Per quanto riguardo il dettaglio degli avvisi, l’”Avviso per il sostegno allo sviluppo ed alla fabbricazione di tecnologie critiche STEP 2026 – Linea a sovvenzione”, gestito da Sviluppumbria, ha una dotazione di 15 milioni e 421 mila euro, di cui 12.421.586 euro sull’Azione 1.6.1, dedicata alle tecnologie digitali e alle biotecnologie e 3 milioni sull’Azione 2.9.1, dedicata alle tecnologie green. La misura prevede un contributo a fondo perduto ed è rivolta alle grandi imprese, in forma singola oppure come capofila di un raggruppamento con PMI indipendenti (fino a un massimo di sei imprese). I progetti dovranno prevedere obbligatoriamente investimenti produttivi e possono includere, in via complementare, attività di ricerca industriale e sviluppo sperimentale, ammissibili fino al 35% della spesa complessiva e con l’obiettivo di far crescere le tecnologie da un livello di maturità già validato in ambiente rilevante fino alla dimostrazione in ambiente operativo. L’intensità dell’aiuto arriva fino al 40% sugli investimenti produttivi e, per le attività di ricerca e sviluppo, può raggiungere l’80% dei costi ammissibili. La soglia minima di progetto è fissata a 1,2 milioni di euro per le grandi imprese singole e a 1,7 milioni per i progetti aggregati; la selezione avviene per graduatoria di merito e i progetti dovranno essere realizzati entro 24 mesi dalla concessione.
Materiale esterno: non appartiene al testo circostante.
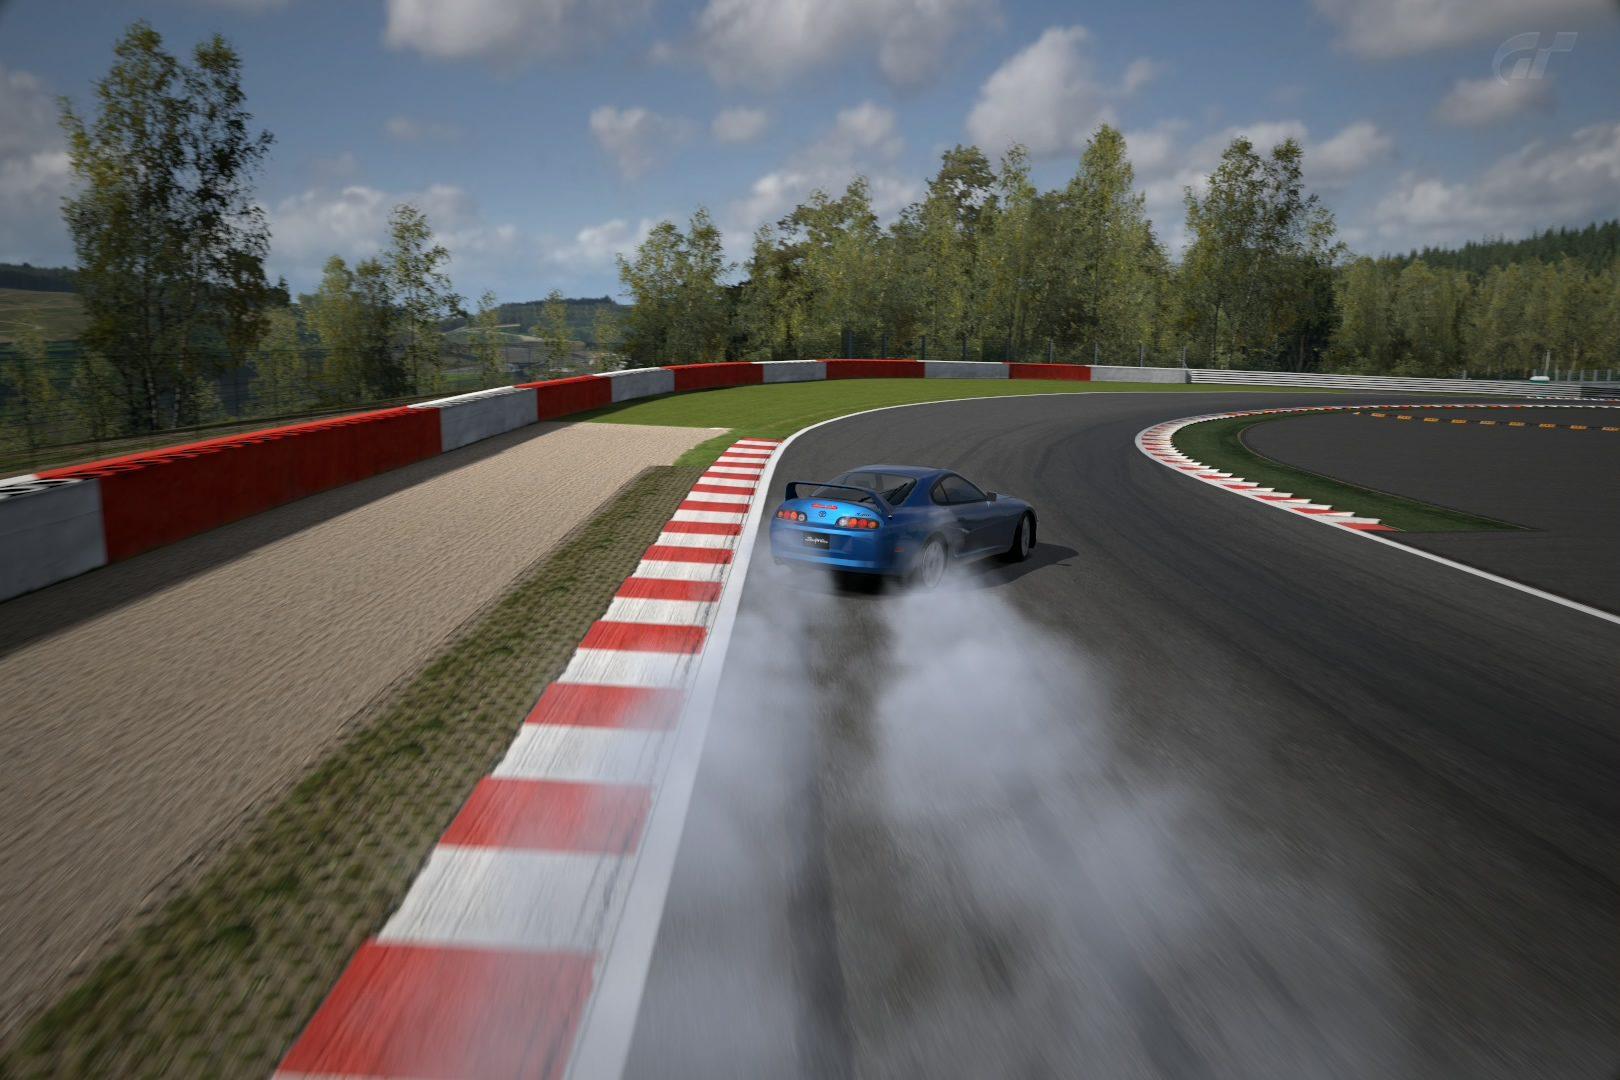 Circuit de Spa-Francorchamps_3.jpg

Per quanto riguarda invece la seconda misura “Avviso per il sostegno allo sviluppo ed alla fabbricazione di tecnologie critiche STEP 2026 – strumento finanziario”, gestito da Gepafin la dotazione si attesta a 16 milioni di euro, 14 milioni per finanziare tecnologie deep tech, digitali e biotecnologie e 2 milioni per le tecnologie green, ed è riservato alle PMI, singole o in raggruppamento. Anche in questo caso l’investimento produttivo è obbligatorio e può essere accompagnato da aiuti all’innovazione, ammissibili fino al 40% del costo del progetto. Lo strumento consiste in un finanziamento agevolato pari al 50% dell’investimento ammesso, a un tasso dell’1%, con una remissione parziale del debito che può arrivare fino al 50% a fronte della piena realizzazione dell’intervento e di un incremento occupazionale di almeno un’unità (o fino ad un massimo del 45% negli altri casi). Le soglie minime di progetto vanno da 500 mila euro per le micro e piccole imprese a 700 mila per le medie e aumentano di un milione qualora il progetto sia presentato da un raggruppamento di imprese. La procedura è di tipo valutativo a sportello, articolata in due fasi – una domanda preliminare e un progetto definitivo, una novità amministrativa importante che punta a procedere speditamente all’individuazione di progetti con caratteristiche effettivamente allineate a quelle previste dalla piattaforma STEP. I progetti dovranno essere completati entro 30 mesi dalla sottoscrizione del contratto.
Le informazioni operative, la documentazione e l’accesso agli sportelli online sono disponibili sui siti istituzionali di Sviluppumbria e di Gepafin, oltre che sul portale della Regione Umbria, nel BUR n. 38 del 4 agosto 2026.